Archive for January, 2013


If the story I am telling is correct, a crucial point in human history would have been reached once there were visions of all three types in play. At that moment, it might have seemed that all aspects of human experience had been accounted for and that nothing remained to be added.

There was one vision that encompassed the physical world and its plants and animals. Another focused on human society and the kinship system that held it together. And a third proclaimed the reality of the magical dreamscapes of the early shamans.

In fact, there are some peoples that appear to have gotten along perfectly well with just these three in all the long years since — most notably, the Bushmen, or San, of southern Africa, who genetically, linguistically, and culturally are closer than any other group to the human root.

According to an online summary of their culture, “Their knowledge of both flora and fauna is vast. The San categorized thousands of plants and their uses, from nutritional to medicinal, mystical to recreational and lethal. … Kinship bonds provide the basic framework for political models.”
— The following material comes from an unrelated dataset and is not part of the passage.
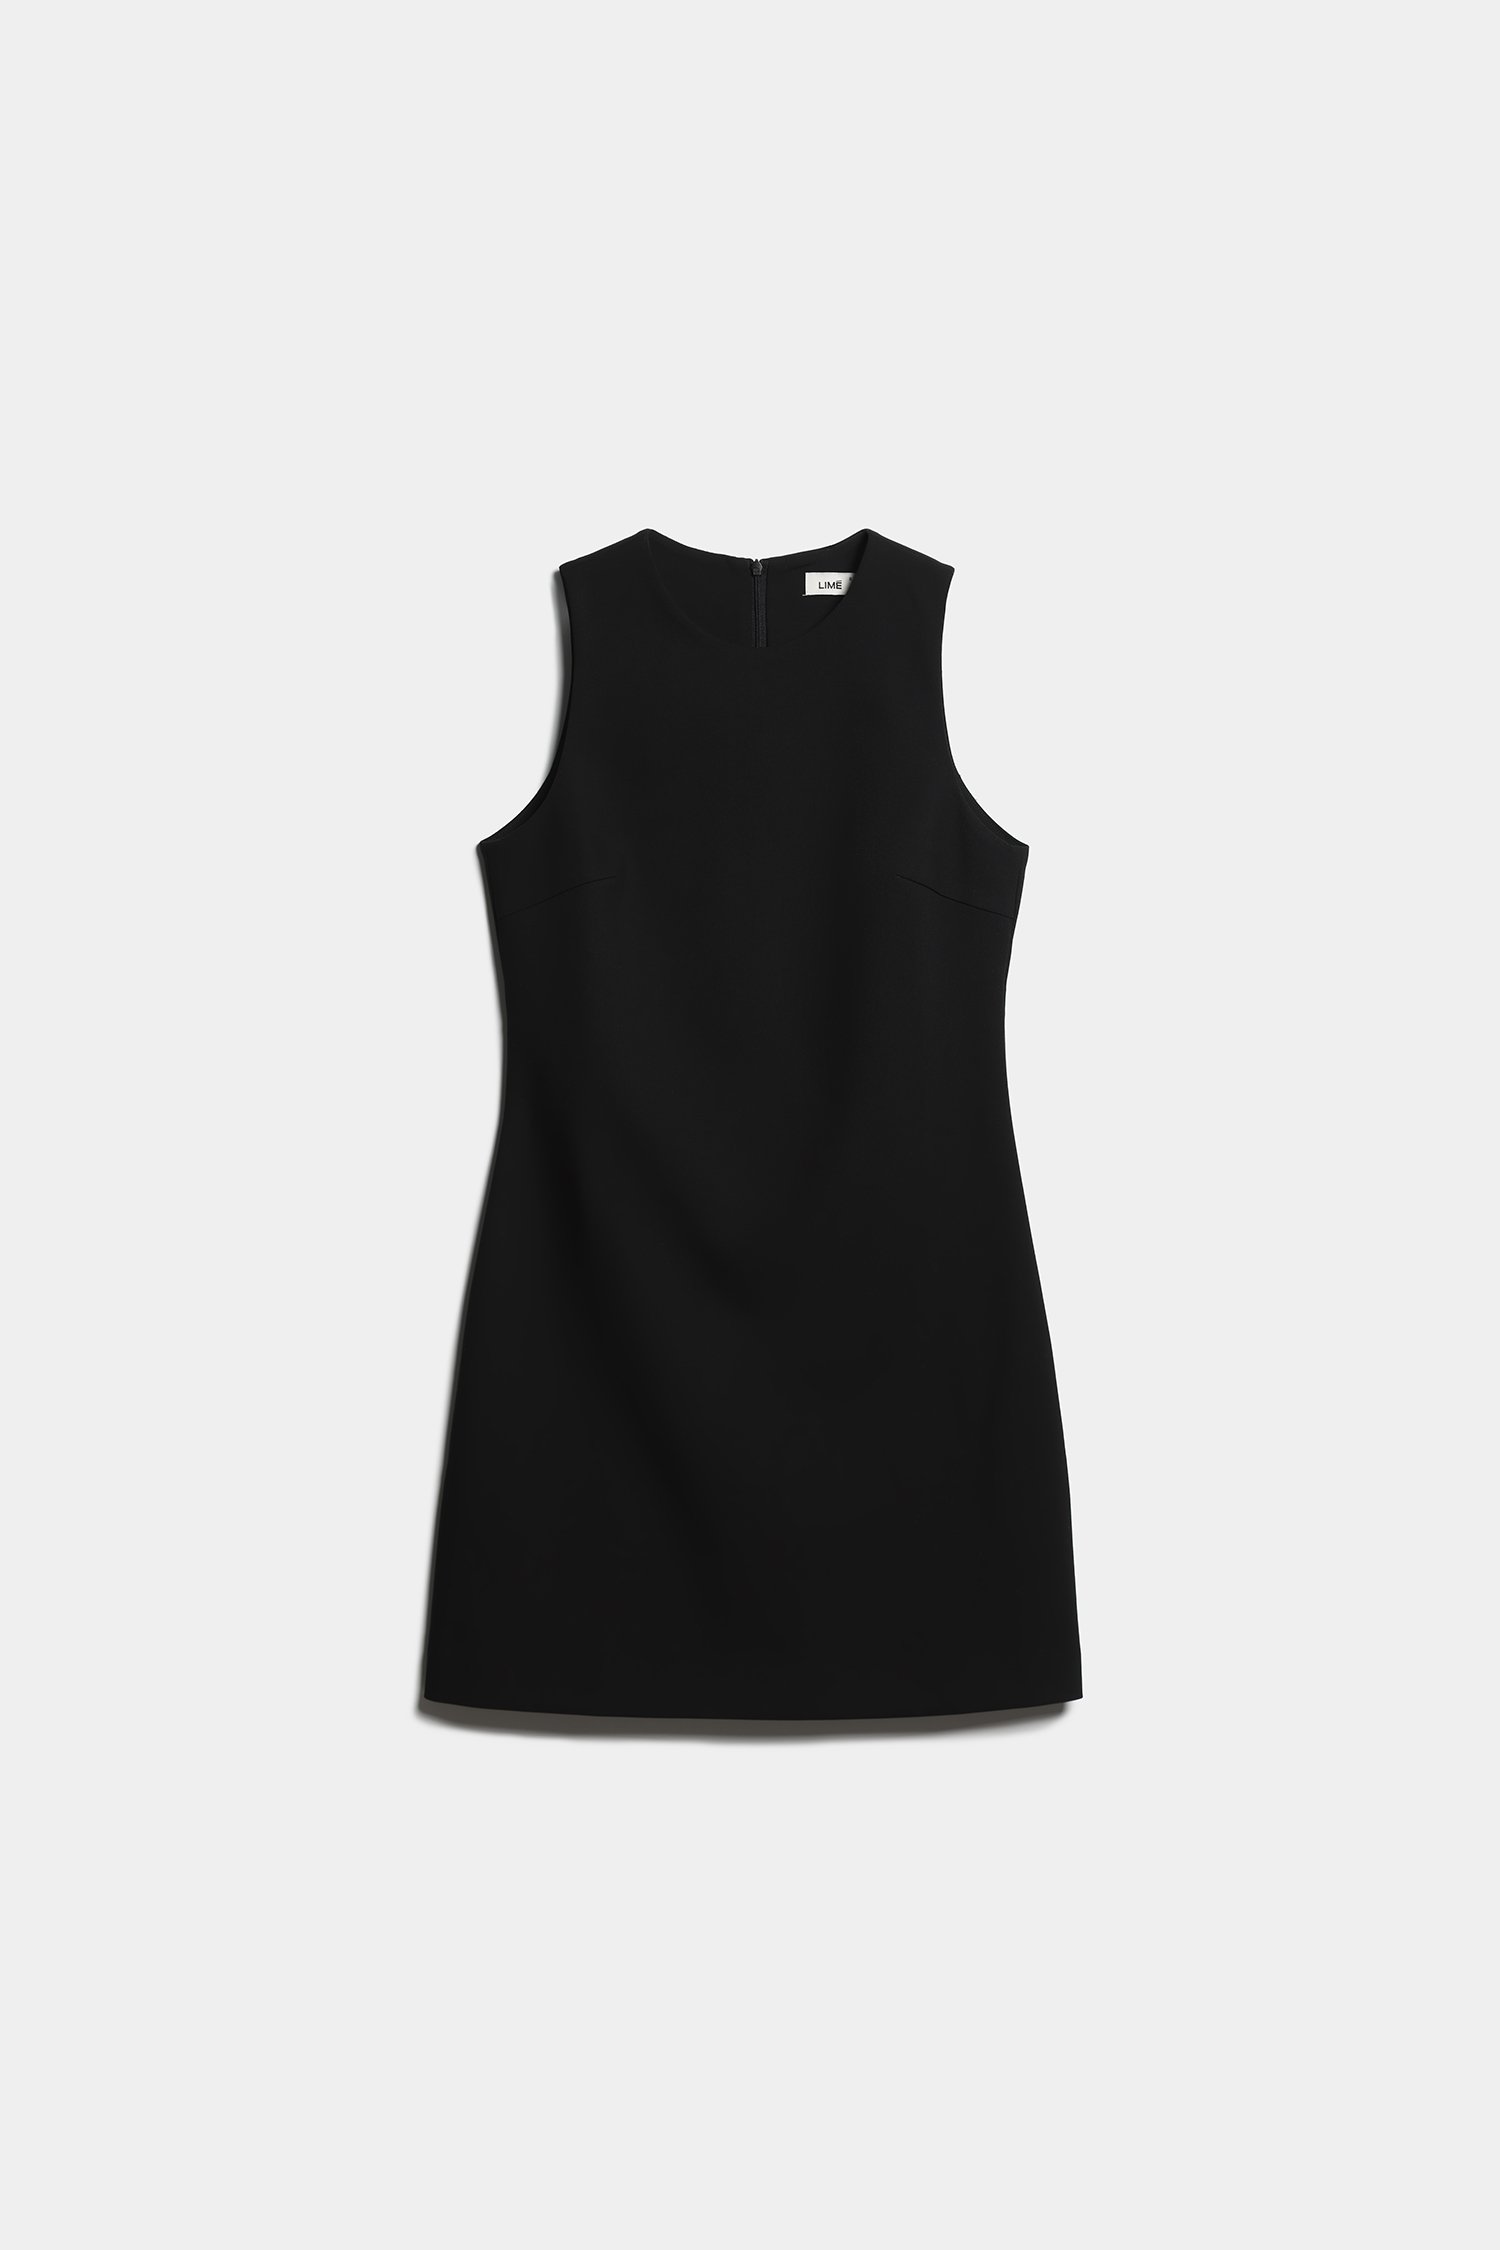 Маленькое черное платье — must-have гардероба каждой девушки. 8 стильных опций на любой бюджет

The site goes on to describe the medicine and rain dances during which “the dancers reached trance-like, altered, states of consciousness and were transported into the spirit realm where they could plead for the souls of the sick.” It also notes that “the most important spiritual being to the southern San was /Kaggen, the trickster-deity. He created many things, and appears in numerous myths where he can be foolish or wise, tiresome or helpful.”

Certain aspects of San culture — such as bows and arrows and representational art — appear to be relatively recent and are unlikely to go back more than some 50,000 years. But even those have been incorporated into a belief system which is clearly much older.

There is a mystery about the San — but the real question, I suspect, is not why they have stayed the same but why the rest of us have changed. All of us except the San have abandoned what would seem to be a simple and functional system in favor of one that is infinitely more complex and fraught with internal tensions.